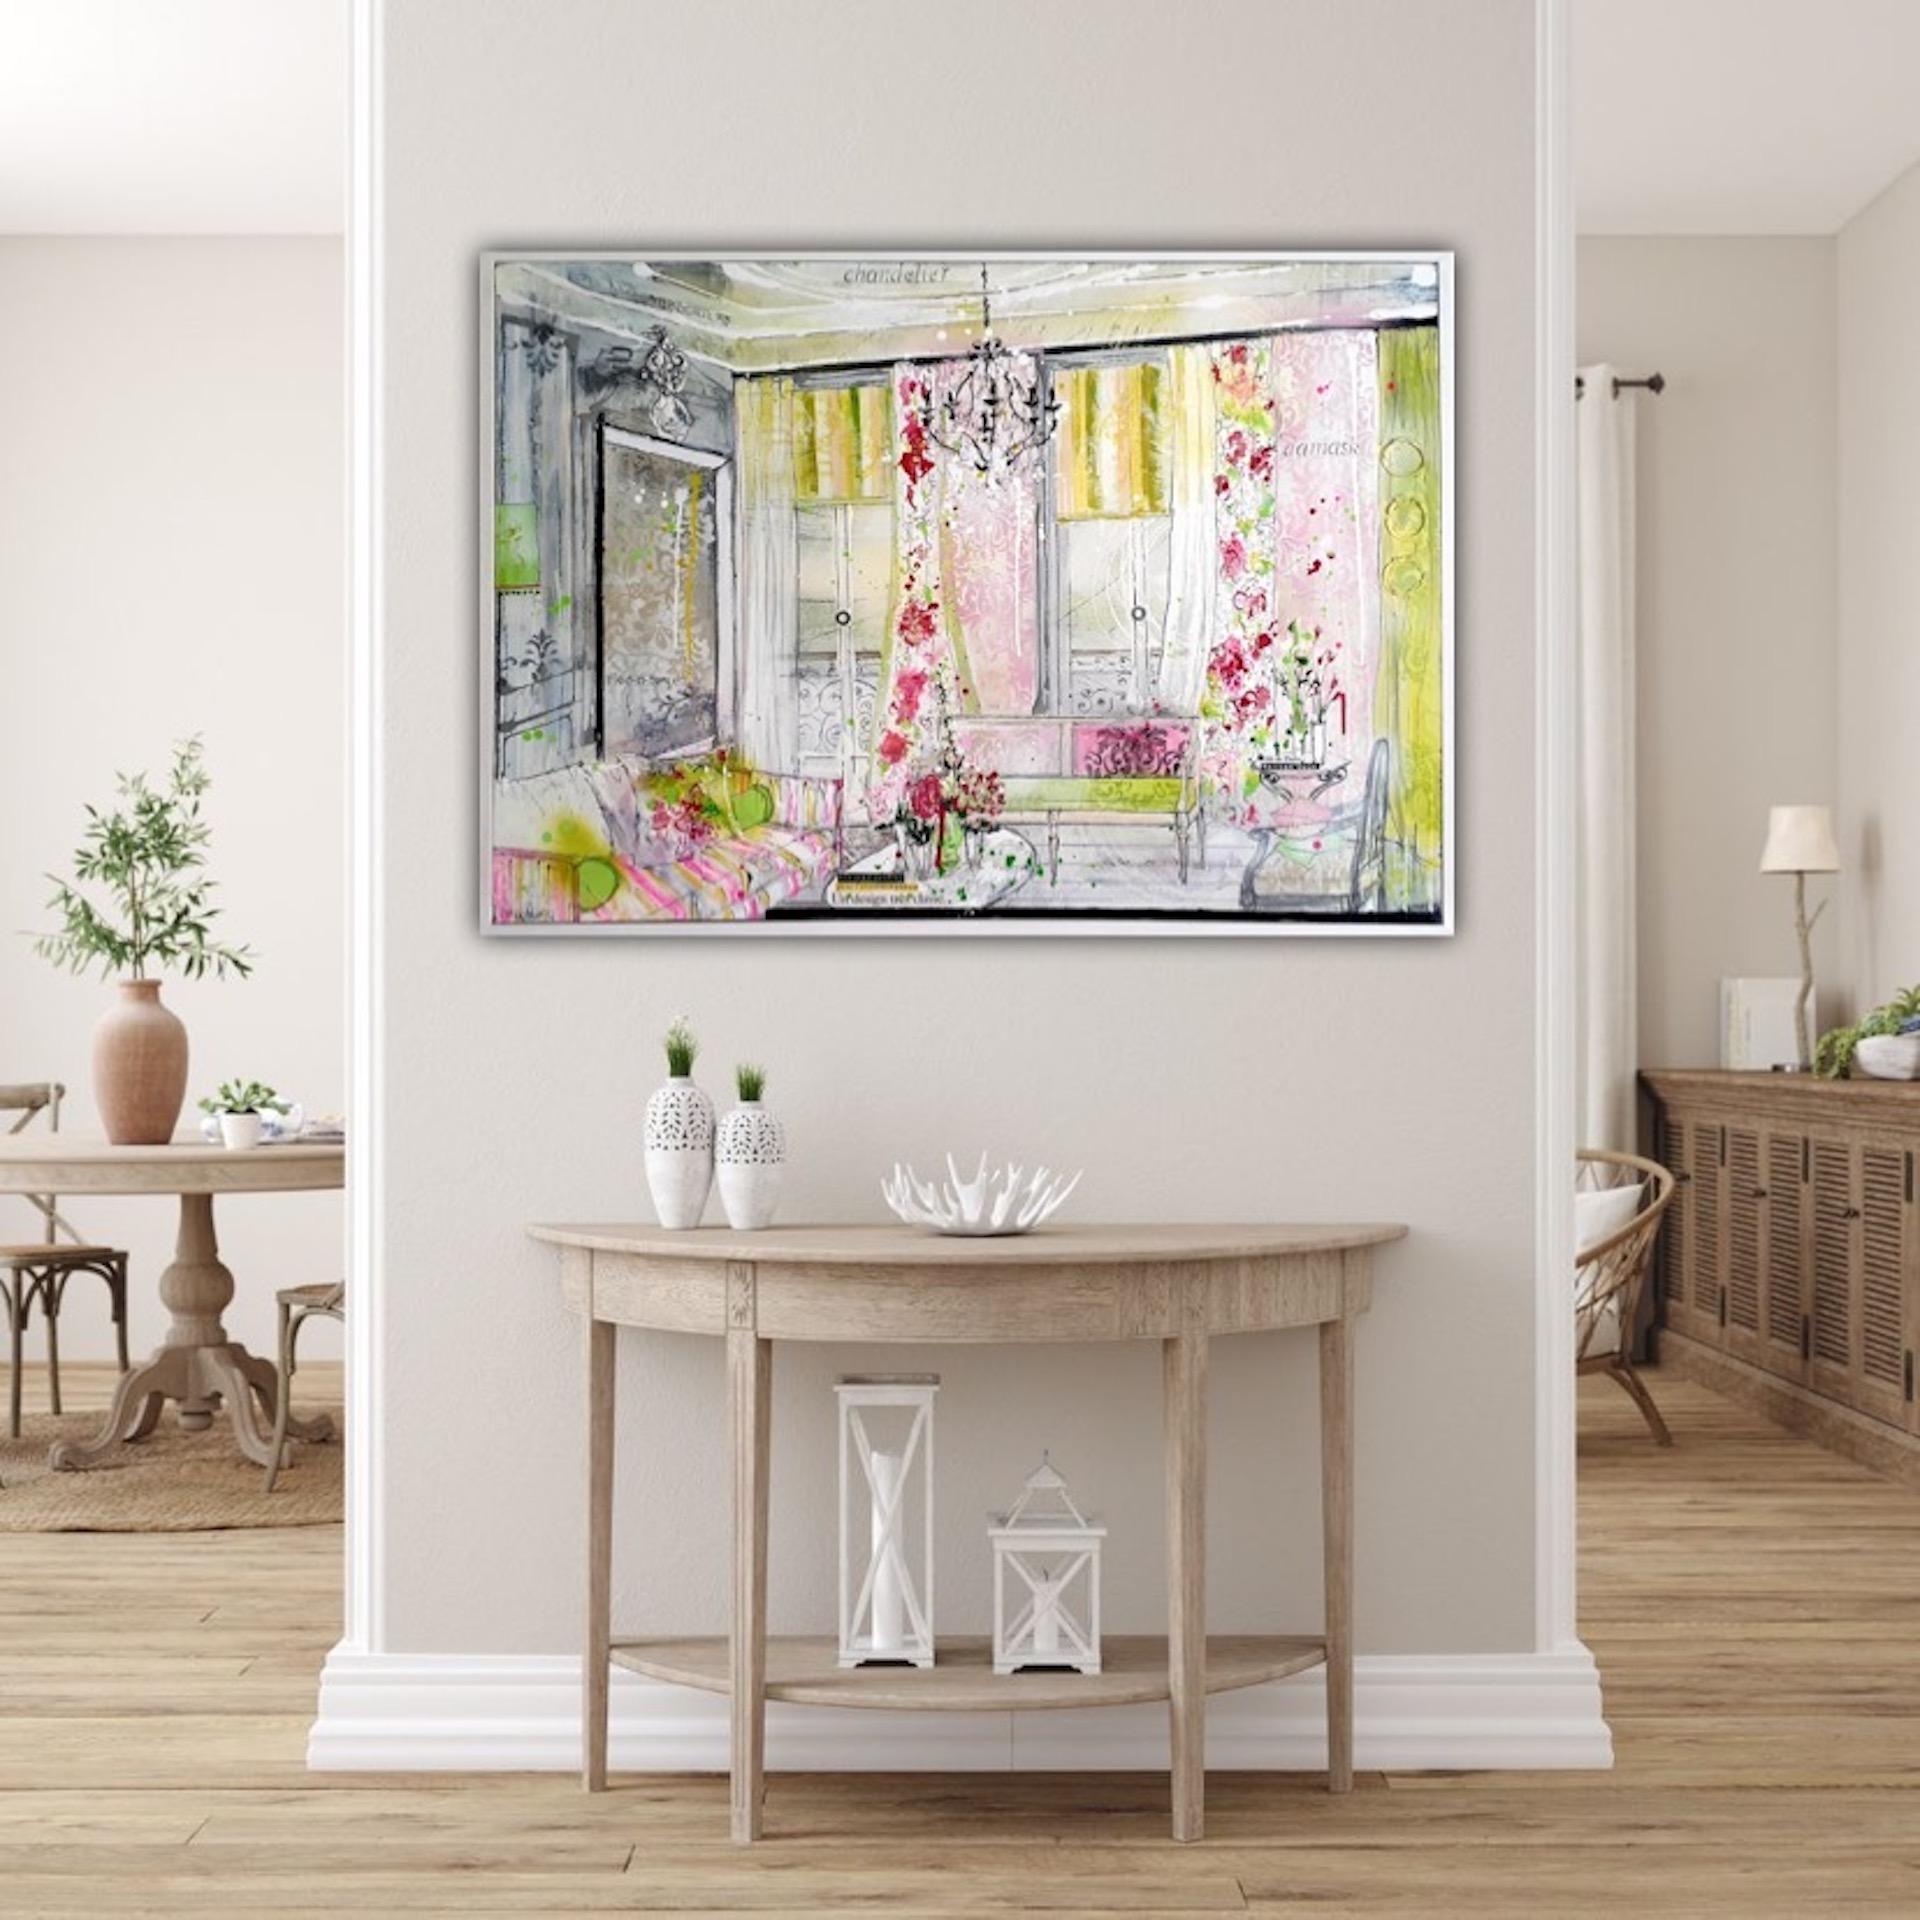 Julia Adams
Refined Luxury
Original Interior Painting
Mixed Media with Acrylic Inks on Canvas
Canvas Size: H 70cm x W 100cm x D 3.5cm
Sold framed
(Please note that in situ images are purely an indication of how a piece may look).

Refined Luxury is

-*-

WHAT YOU HAVE TO DO
Every line from the one containing "Canvas Size: H 70cm x W 100cm x D 3.5cm" through the end of the material above should be retyped exactly; please include nothing else.

ANSWER BOX
Canvas Size: H 70cm x W 100cm x D 3.5cm
Sold framed
(Please note that in situ images are purely an indication of how a piece may look).

Refined Luxury is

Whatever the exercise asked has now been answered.